Untuk memperkuat modal usaha, dua tahun lalu, Hartono mengajukan pinjaman kepada Bank Jateng. Ia mengajukan pinjaman dengan plafon Rp 500 juta. "Saya pilih Bank Jateng karena bunganya rendah, 0,5 persen per bulan, " katanya.
Hartono mengaku, pernah meminjam kepada dua bank swasta sebelumnya, namun beban bunganya dirasakan terlalu tinggi yaitu 1,5-2 persen per bulan. Akhirnya, ia memutuskan beralih ke Bank Jateng. "Saya pinjam ke Bank Jateng dengan jangka waktu pengembalian 3 tahun karena tak ingin berlama- lama mengutang," katanya.
Tas gitar produksinya dijual dengan harga bervariasi. Tas yang paling kecil dan sederhana untuk ukulele, misalnya, dijual mulai dari Rp 10.000 per buah. Adapun, tas gitar paling bagus dihargai sekitar Rp 500.000. “Semakin bagus model dan bahannya, harganya juga semakin mahal,” ujar Hartono yang telah dikaruniai dua cucu.
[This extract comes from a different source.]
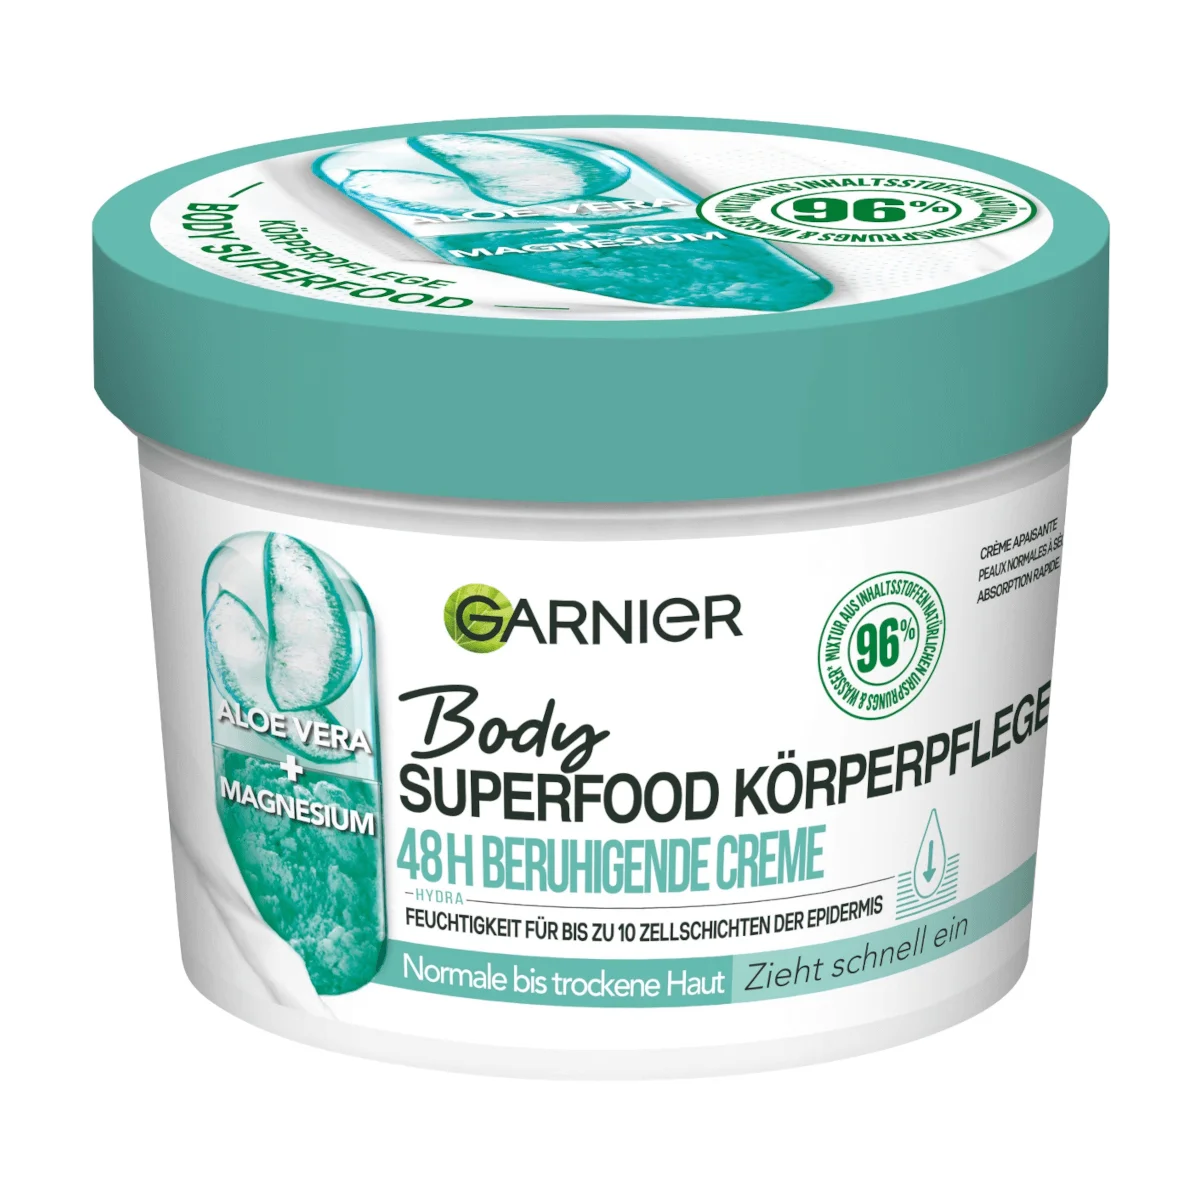 Garnier Body Superfood Körperpflege Aloe Vera, 380 ml
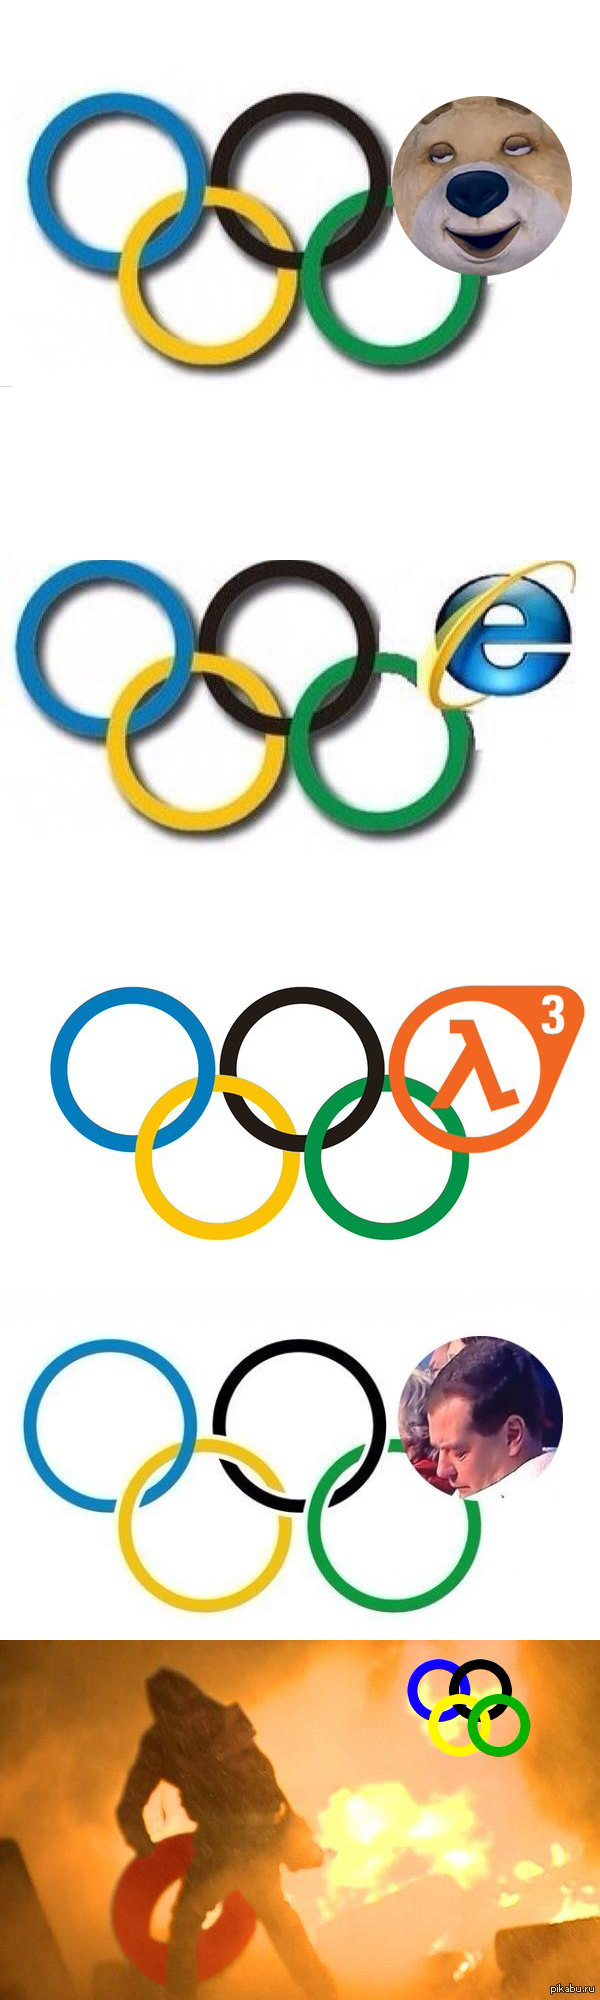 Круги Олимпийских игр

Selain memenuhi permintaan toko-toko grosir alat musik di Kembangan, Sukoharjo, Hartono juga mengirimkan produknya ke toko-toko musik di berbagai kota, antara lain, Malang, Ponorogo, Surabaya, Yogyakarta, dan Jakarta.
Kini, Hartono bercita-cita memiliki merek sendiri. Sebab, selama ini, tas-tas gitar buatannya belum diberi merek sesuai kehendak pasar. “Saya ingin mengembangkan usaha dengan membuat produk yang beraneka ragam, seperti jenis tas hardcase dan tas sekolah,” katanya.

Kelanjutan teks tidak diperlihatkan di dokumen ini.